#### Material for this exercise

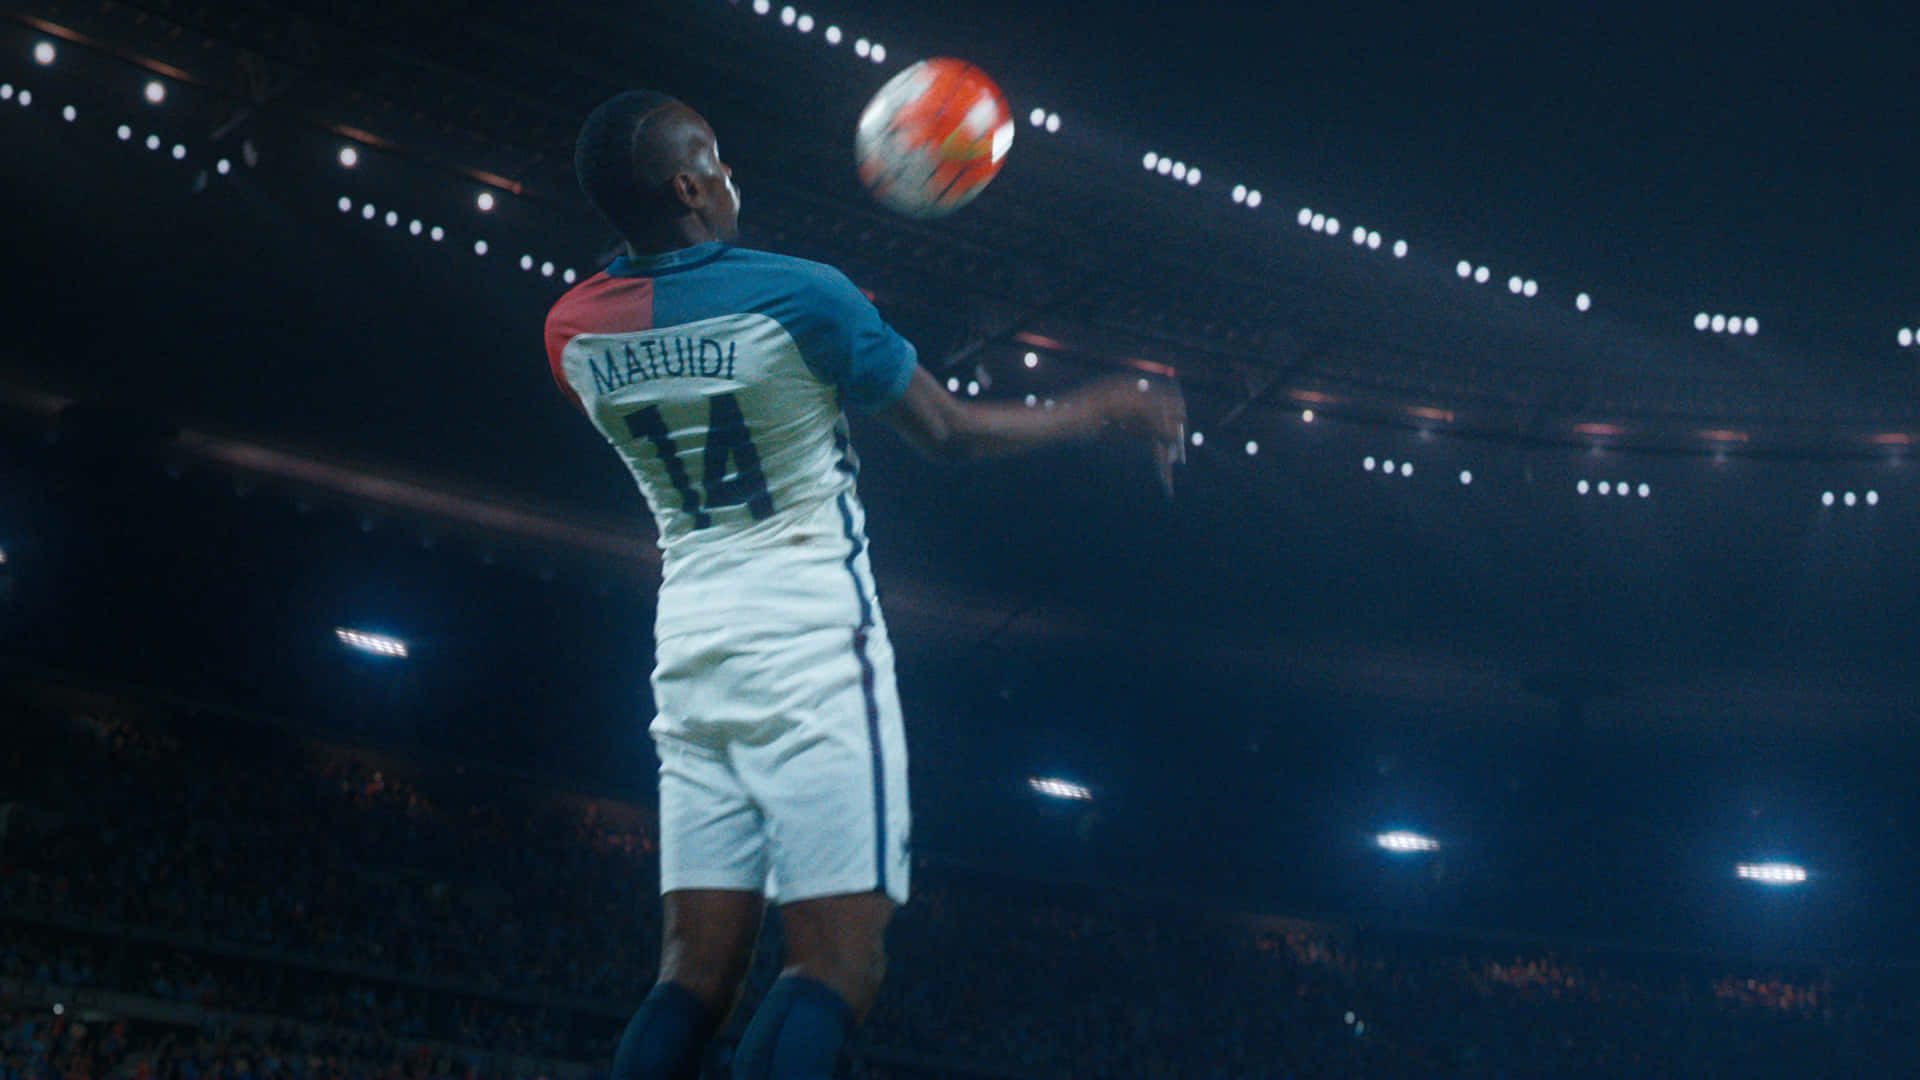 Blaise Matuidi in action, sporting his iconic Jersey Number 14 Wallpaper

---

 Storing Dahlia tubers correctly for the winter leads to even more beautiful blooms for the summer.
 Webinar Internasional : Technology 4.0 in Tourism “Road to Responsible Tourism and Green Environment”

---

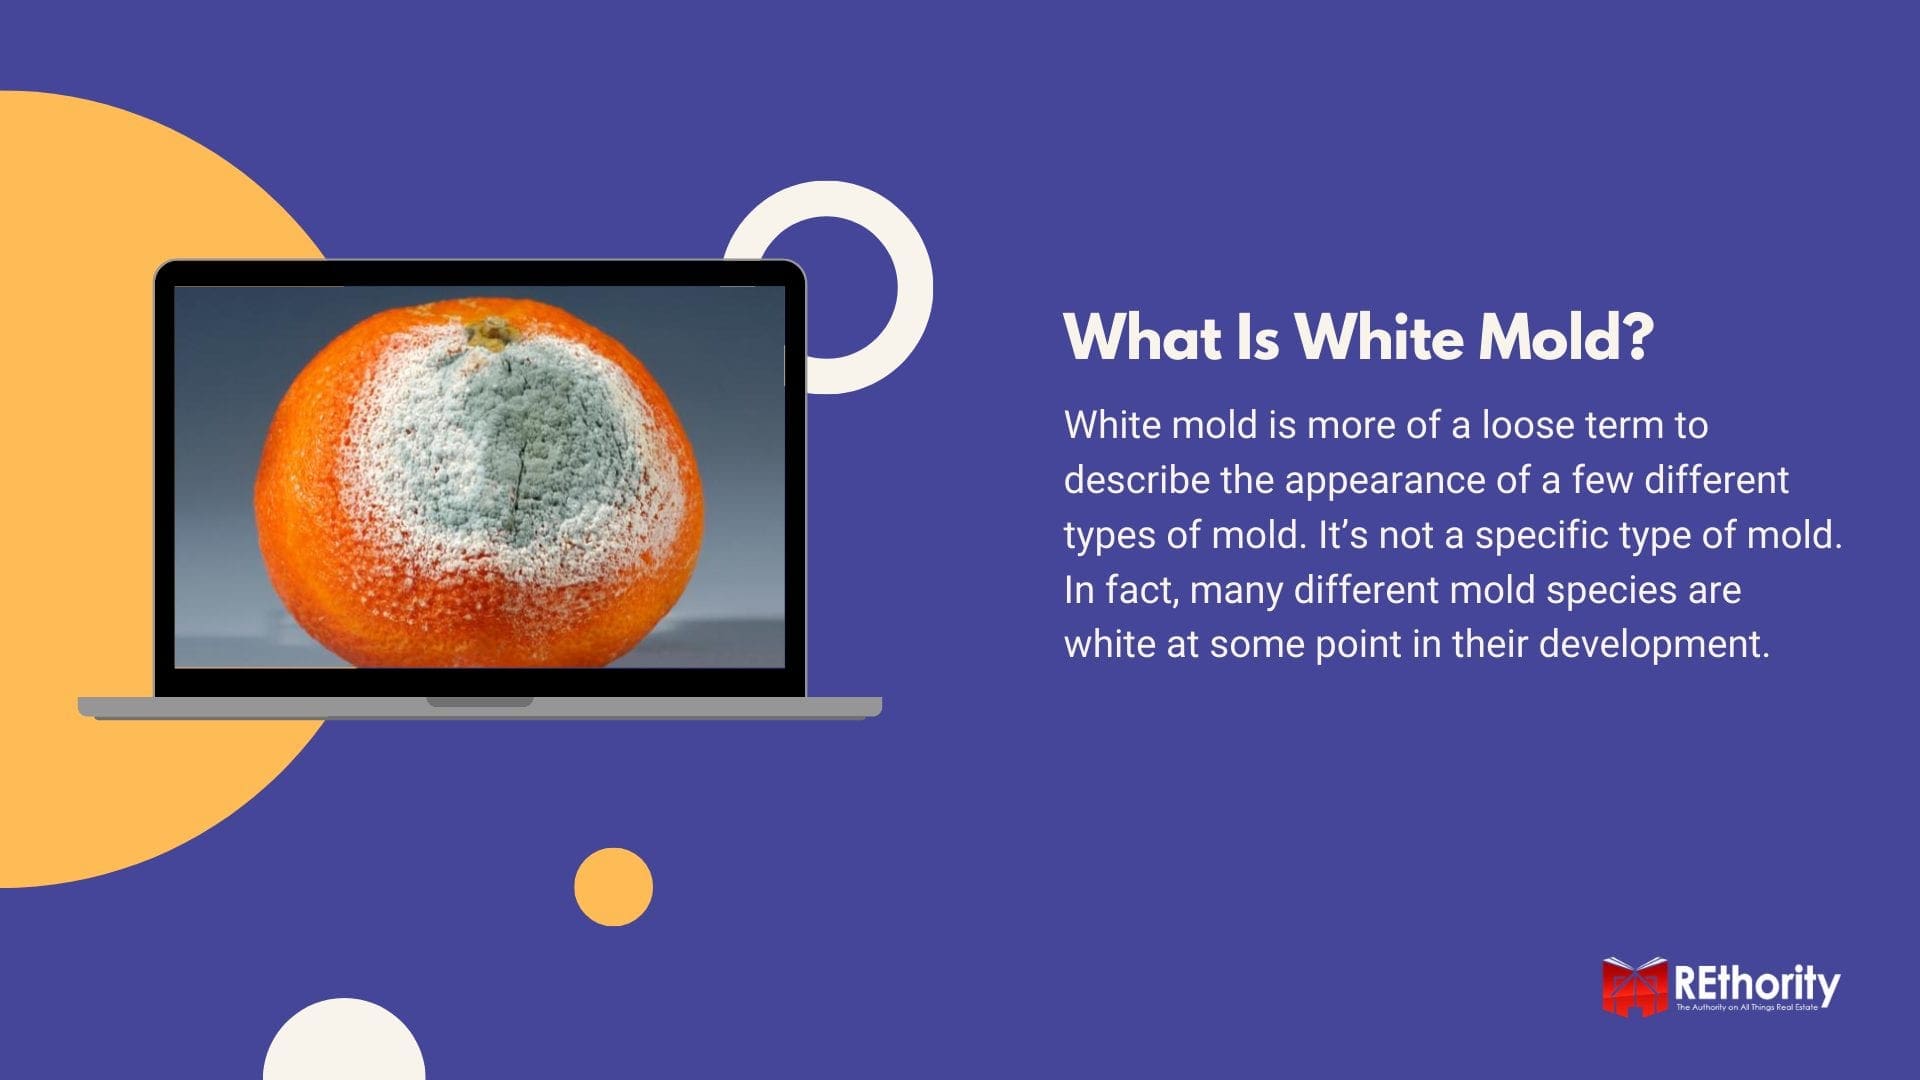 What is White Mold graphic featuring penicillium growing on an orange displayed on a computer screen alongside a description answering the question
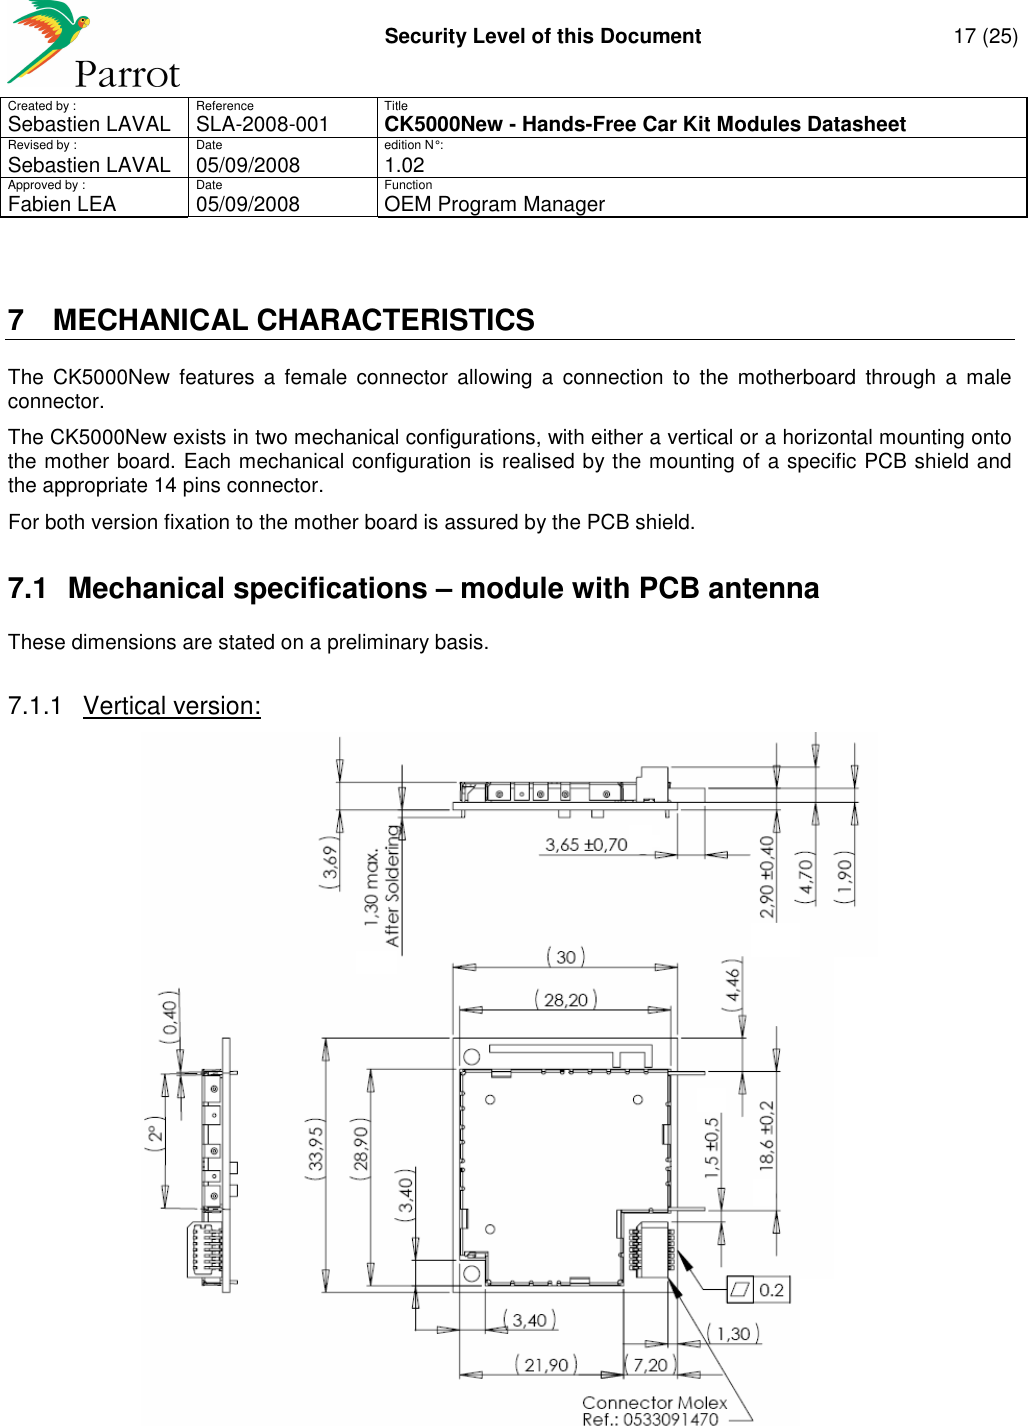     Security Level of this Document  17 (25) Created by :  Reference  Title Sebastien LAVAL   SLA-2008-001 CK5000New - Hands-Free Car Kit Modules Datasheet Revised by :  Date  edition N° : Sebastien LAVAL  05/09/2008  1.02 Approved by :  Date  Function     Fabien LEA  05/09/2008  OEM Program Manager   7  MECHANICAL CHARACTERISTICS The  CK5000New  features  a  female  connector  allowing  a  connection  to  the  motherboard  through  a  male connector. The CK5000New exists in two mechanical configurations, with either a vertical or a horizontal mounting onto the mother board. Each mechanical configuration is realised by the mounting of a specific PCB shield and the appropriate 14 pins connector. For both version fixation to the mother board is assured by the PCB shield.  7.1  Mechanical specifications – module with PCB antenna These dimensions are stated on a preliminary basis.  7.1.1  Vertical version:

#### Your instructions
Look above for the line that contains "Storing Dahlia tubers". Starting there, transcribe every line exactly until you have copied the line that contains "Webinar Internasional : Technology".

#### Answer for the task
 Storing Dahlia tubers correctly for the winter leads to even more beautiful blooms for the summer.
 Webinar Internasional : Technology 4.0 in Tourism “Road to Responsible Tourism and Green Environment”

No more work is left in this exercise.